During his successful race for the West Virginia governorship last November, Jay Rockefeller kept a tight lip when it came to talk of his wealth. "I am too rich to steal," one less-than-tactful aide quoted him as saying during the campaign. How true. Last week, while Wife Sharon was in Washington testifying on her appointment to the Corporation for Public Broadcasting, Rockefeller finally released a financial report. His net worth: $19,716,479 in trust funds, property, furniture, art and other possessions.
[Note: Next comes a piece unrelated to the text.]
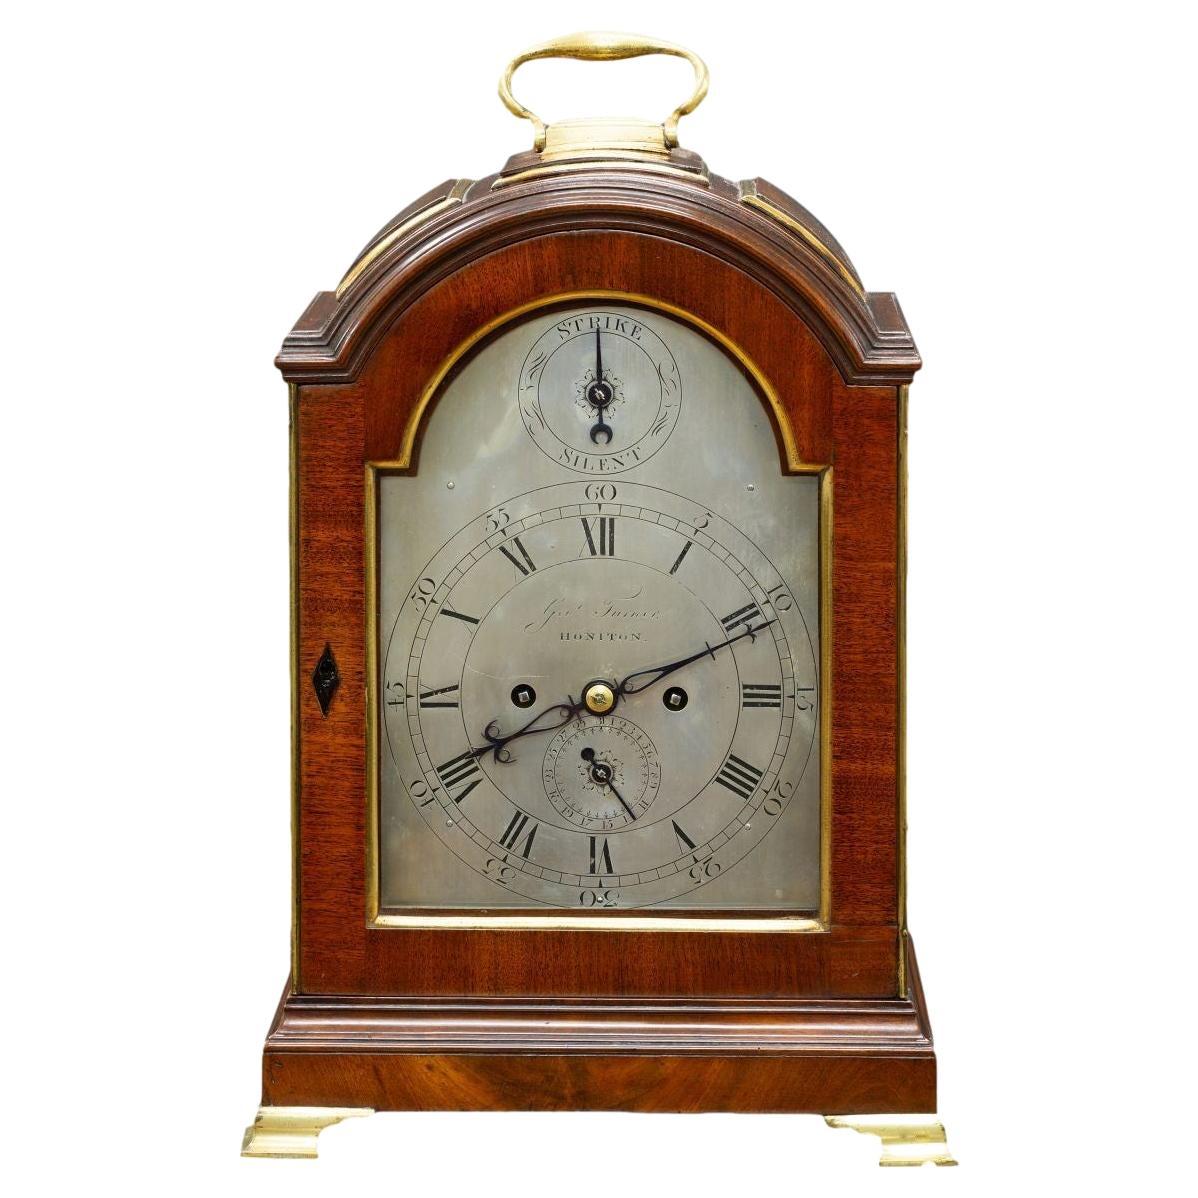 Horloge seau à verge en acajou de style géorgien par George Turner, Honiton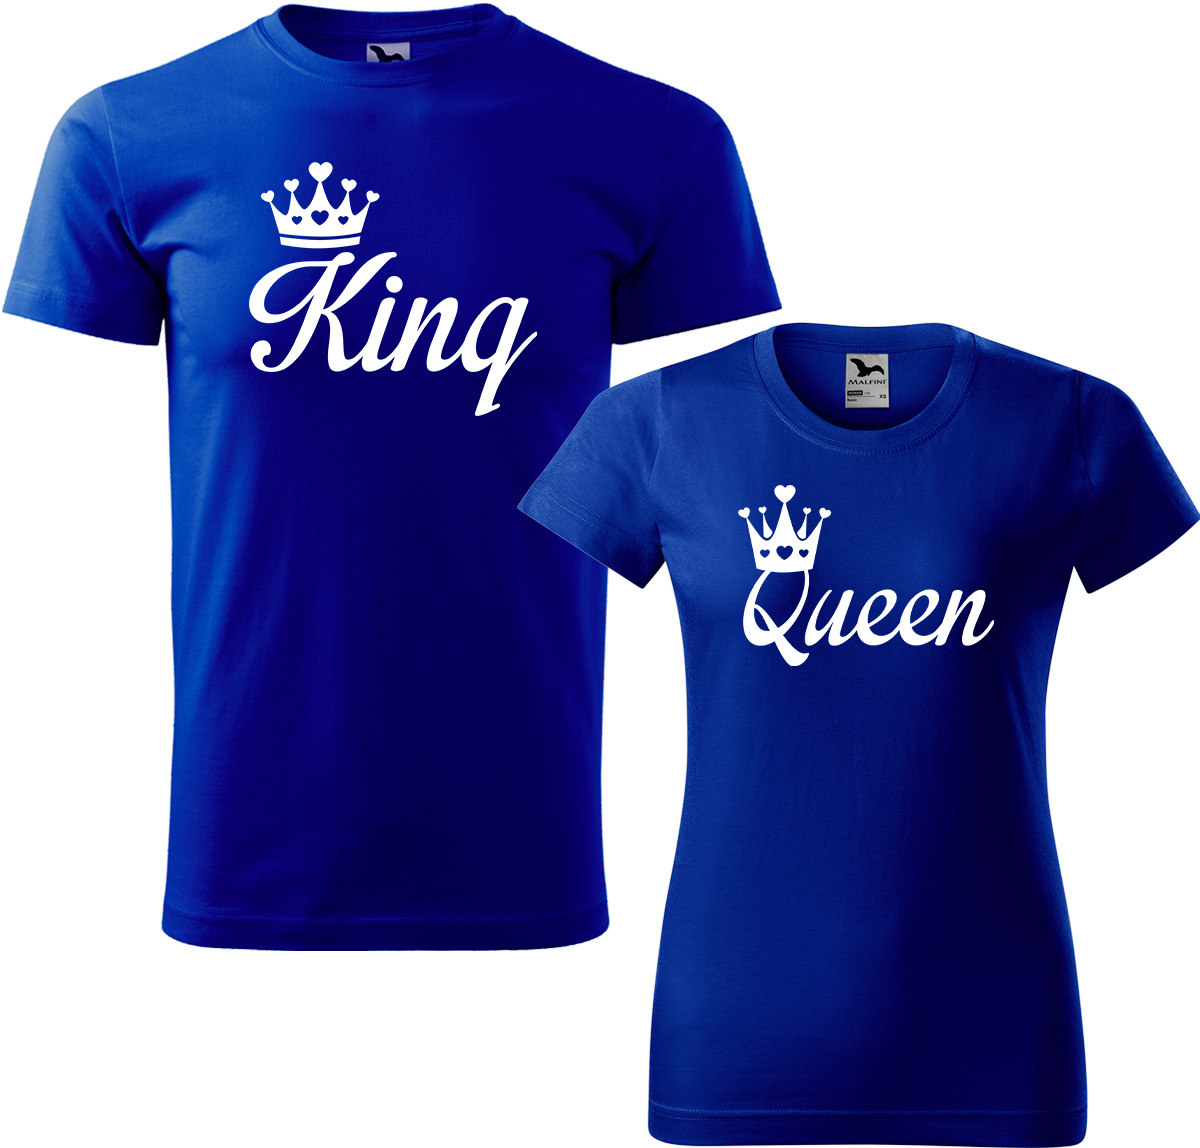 Trička pro páry - King a queen Barva: Královská modrá (05), Velikost dámské tričko: S, Velikost pánské tričko: L

Her role last year as a bitchy TV executive in Network brought Faye Dunaway an Academy Award. Now Faye hopes to click, behind smaller lenses, as a fashion photographer in Eyes. "She's beautiful and representative of the beauty and fashion world that this film is about," says Producer Jon Peters, the former hairdresser who earned his first moviemaker credits with Housemate Barbra Streisand's A Star Is Born. Eyes is now on location in New York, and the producer says he is having more fun than on his first trip to the Big Apple. He was 13 then, a California runaway who was working in a Manhattan hotel at night--tinting the hair of hookers and that of their French poodles. Says he: "It was in the days when they had color-coordinated dogs."